Most mortgage rates were up 0.03% compared to seven days earlier, while 1003 loan applications declined. Indices on adjustable-rate mortgages, however, managed a small improvement.
Up 3 basis points from a week ago, the average 30-year fixed-rate mortgage was 5.03% in Freddie Mac’s survey of 125 thrifts, credit unions, commercial banks and mortgage lenders for the week ended today. The 30-year averaged 6.46% a year ago.
For the month of September, Freddie’s regulator — the Federal Housing Finance Agency — said the 30-year averaged 5.23%, down from 5.30% in August.
Freddie said the average 15-year fixed-rate mortgage was 4.46%, also up 3 BPS from last week. FHFA noted that the 15-year jumped 15 BPS in September to 4.77%.
The weekly increase in fixed rates was in line with the yield on the 10-year Treasury bond, which was 3.48% during trading today compared to 3.44% one week ago.
“Economic data releases this week offered mixed signals as to the current state of the housing market,” Freddie Chief Economist Frank Nothaft explained in the secondary lender’s survey. “For example, total existing home sales jumped 9.4% to an annualized rate of 5.57 million homes in September, the strongest pace since July 2007, according to the National Association of Realtors.
“However, new home sales unexpectedly fell 3.6 percent to 402,000 houses, the weakest since June of this year, based on figures from the Department of Commerce.”
More than two-thirds of the 100 panelists surveyed by Bankrate.com for the week Oct. 29 to Nov. 4 expected rates to continue climbing, while one-quarter projected movement of no more than 2 BPS over the next 35 to 45 days and 8% forecasted a decline.

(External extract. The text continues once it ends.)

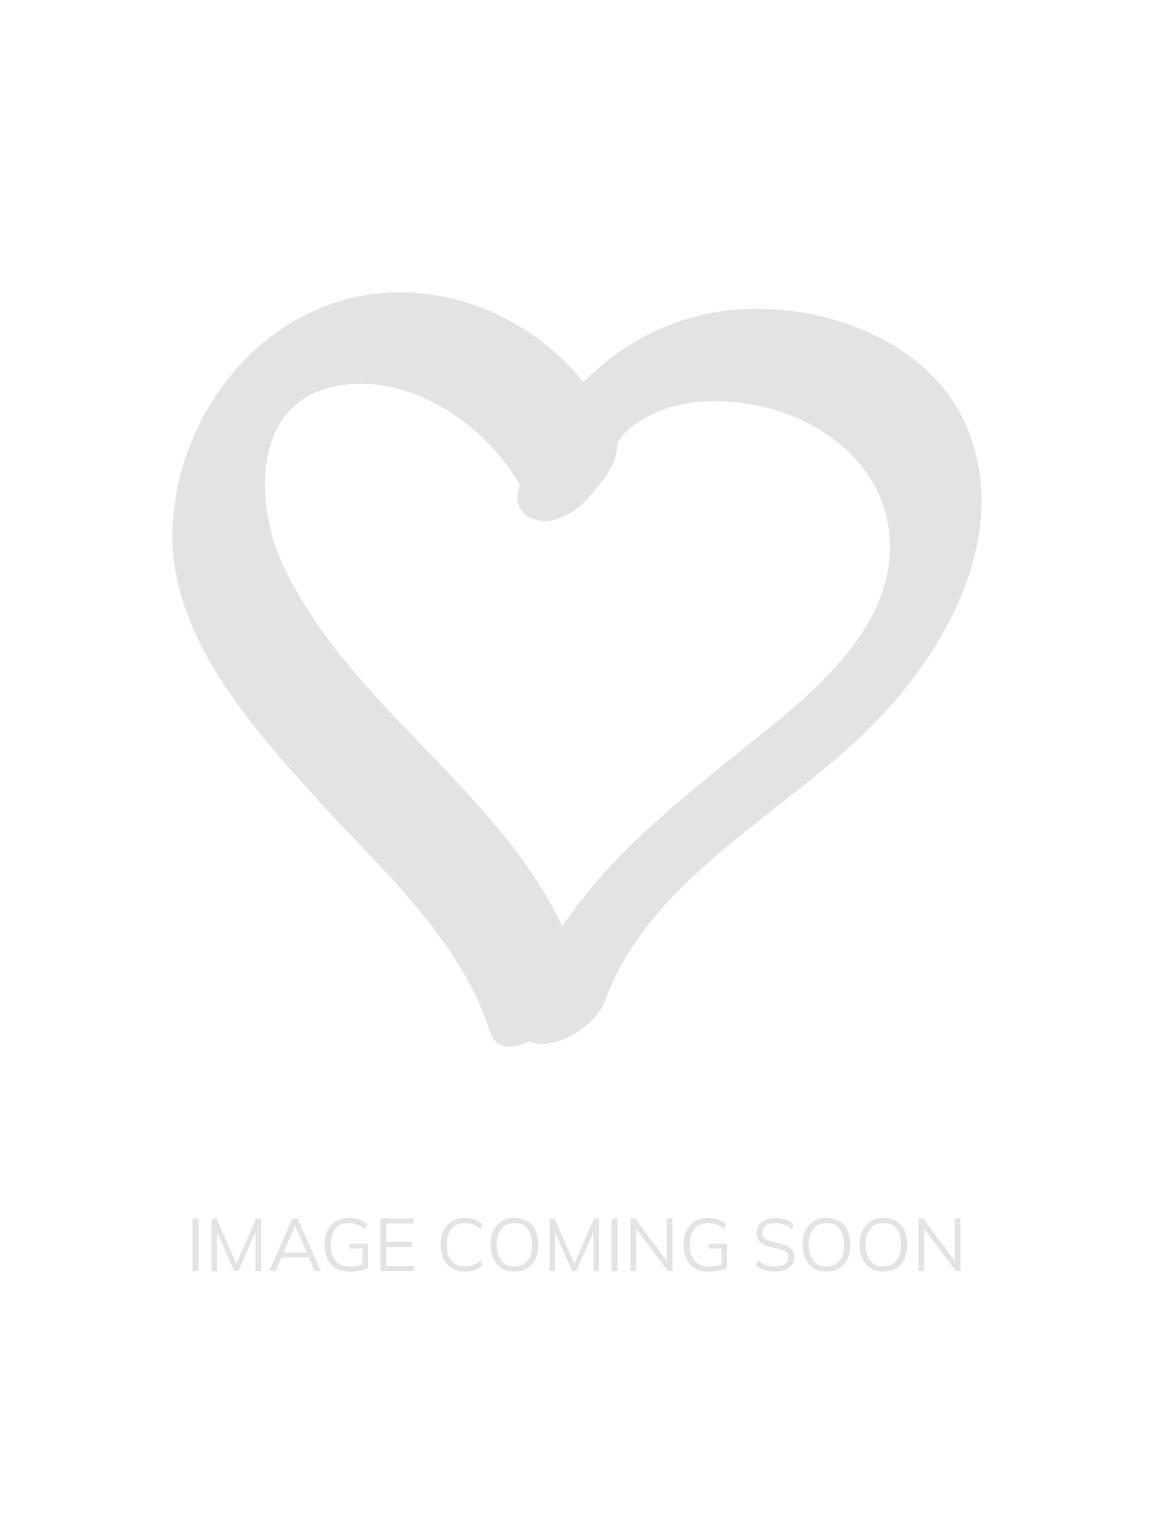 4b75da2de4afc Mamba Strapless/Bandeau Bikini Top - Multi | Lingerie Outlet Store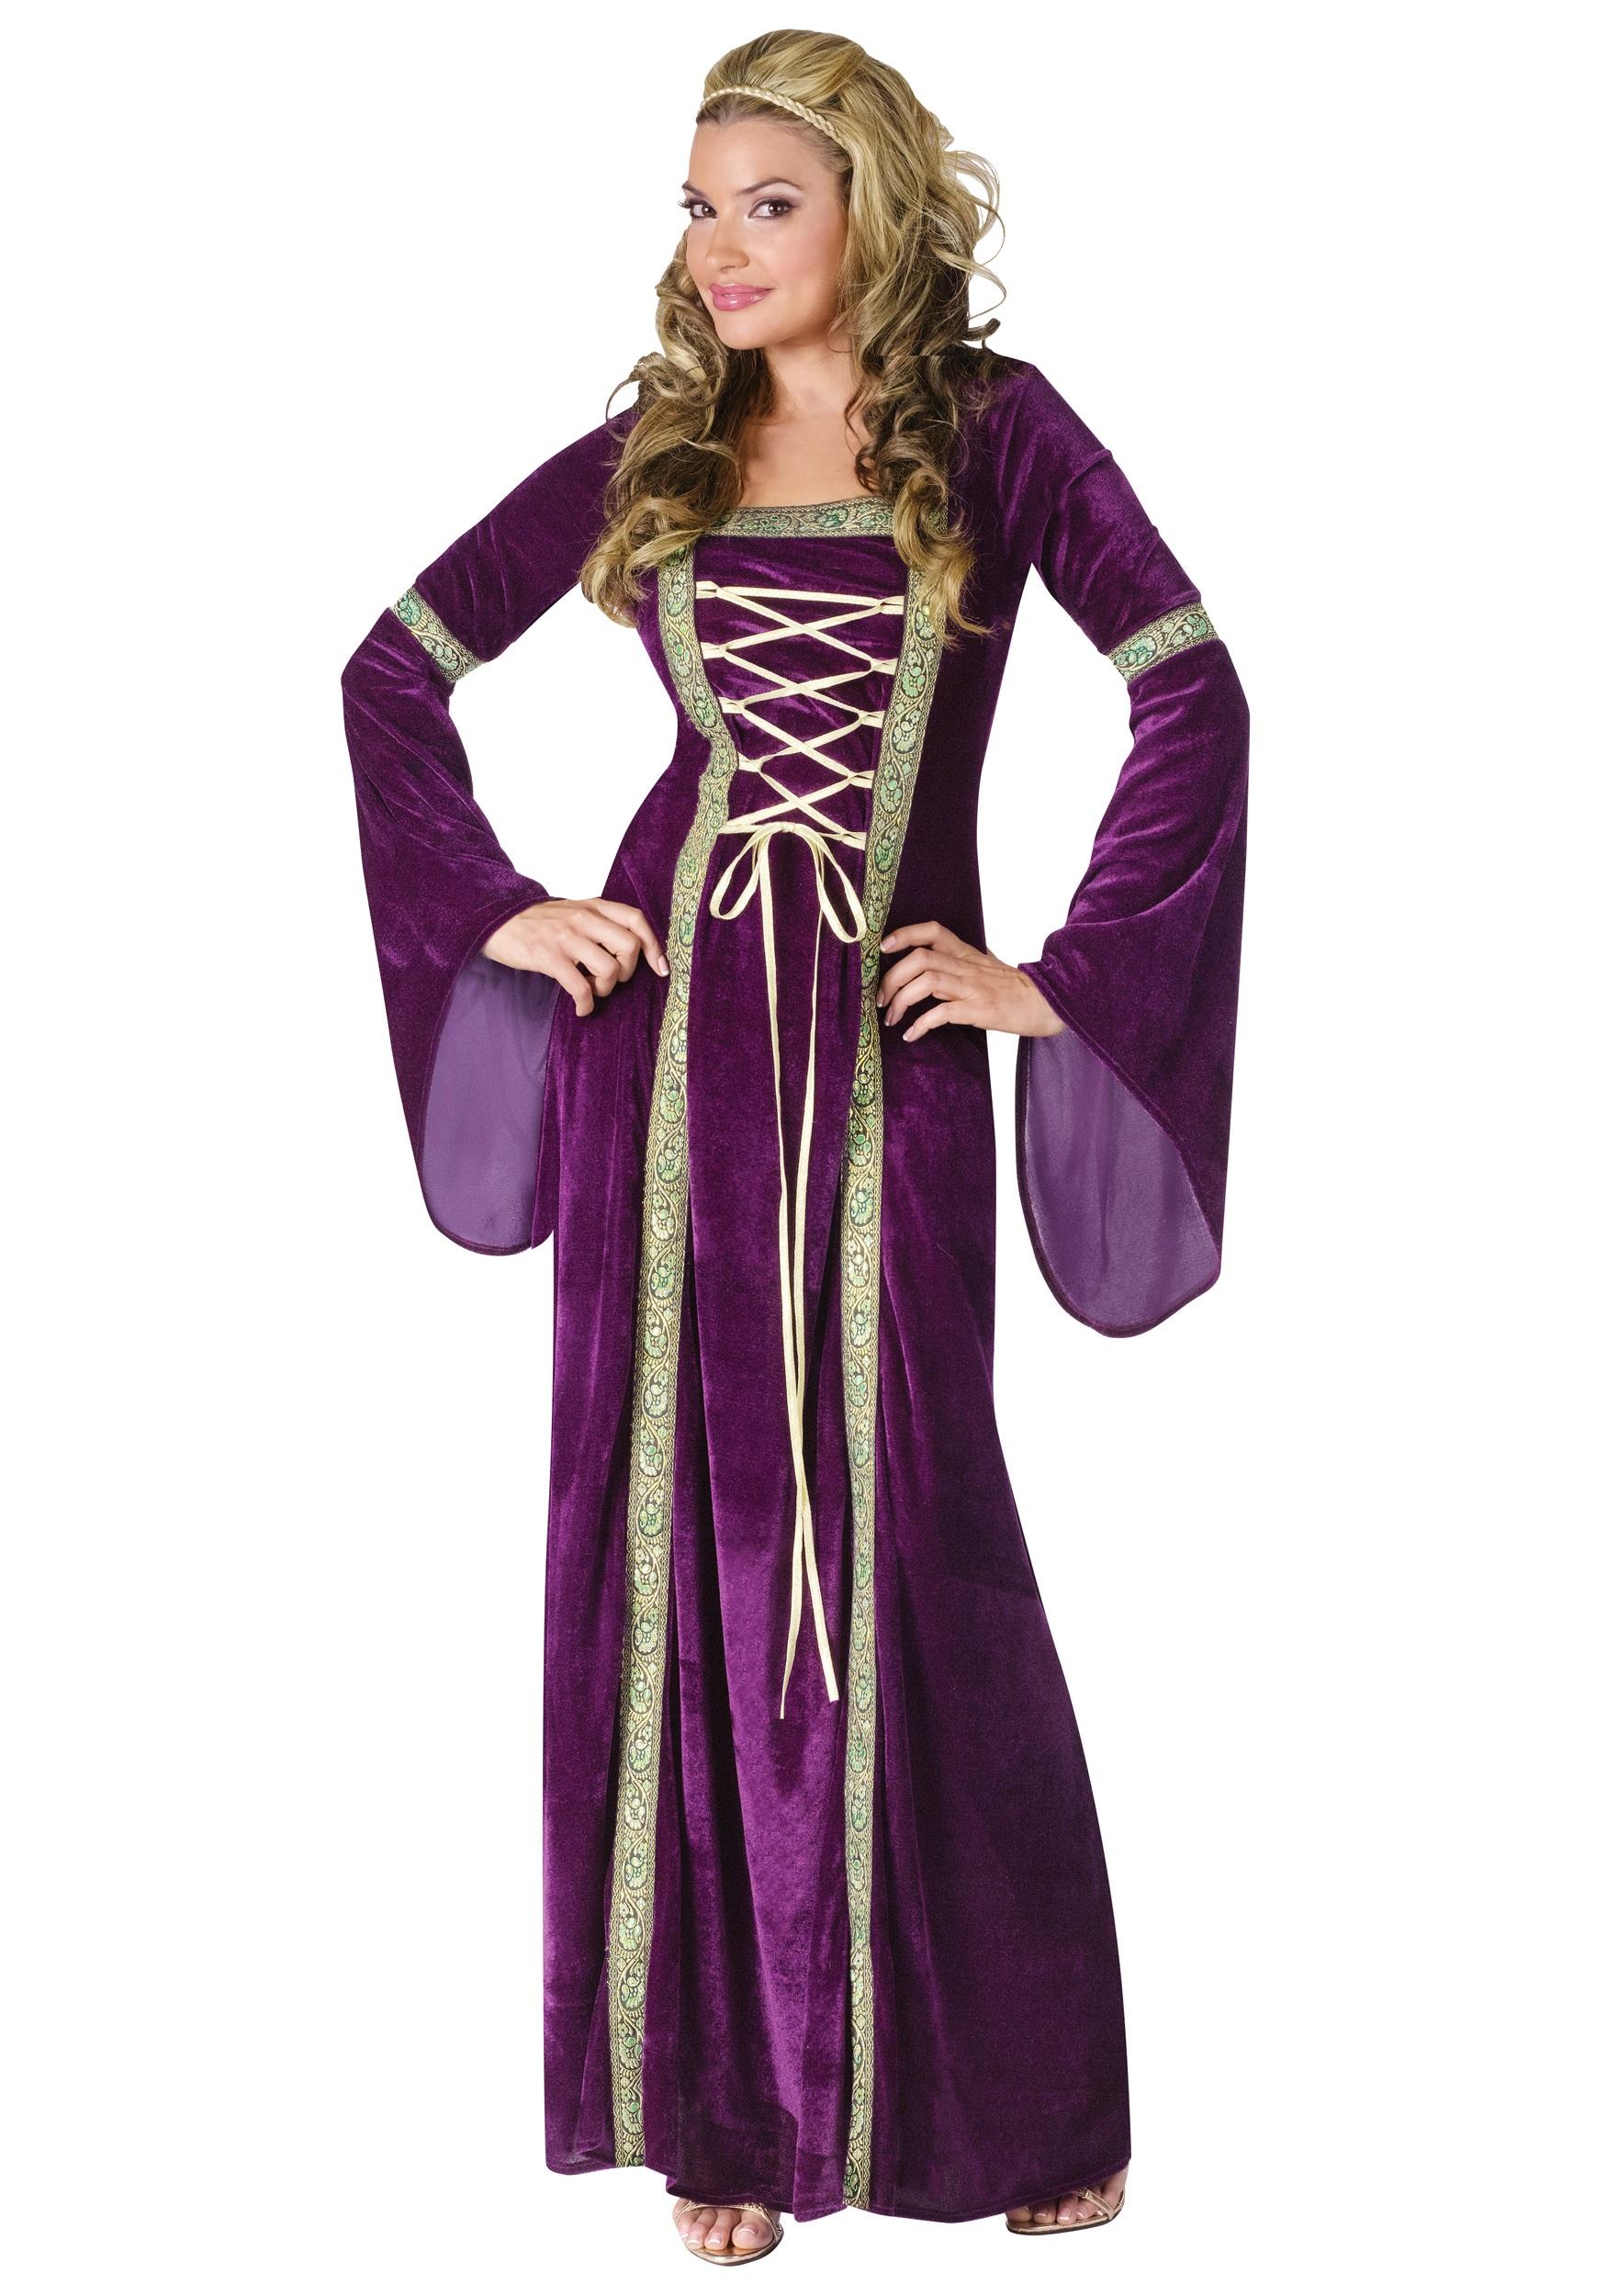 sc 1 st  Halloween Costumes & Renaissance Lady Costume

The five-year Treasury-indexed hybrid adjustable-rate mortgage edged up 2 BPS during the past seven days to 4.42%.
The one-year Treasury-indexed ARM came in at 4.57% this week, up 3 BPS from the previous week but lower than 5.38% last year at this time. The one-year ARM adjusts based on movement with the one-year Treasury yield, which was down 0.01% from last Wednesday to 0.39% yesterday.
The yield on the six-month London Interbank Offered Rate eaked out a 1 basis point decline from a week ago to 0.58% yesterday, Bankrate.com reported.
A 14 basis point widening last week of the spread between the one-year ARM and the 30-year fixed-rate average helped push the share of ARM applications to 6.9% in the Mortgage Bankers Association’s Weekly Mortgage Applications Survey for the week ended Oct. 23 from 6.4% a week earlier.
MBA reported that refinance applications tumbled 16% from a week ago — pushing the refinance share down to 62% from 65% seven days earlier and driving overall applications 12% lower on a seasonally adjusted basis.
Unadjusted purchase applications were up 5% — though they were down 5% on a seasonally adjusted basis, MBA said.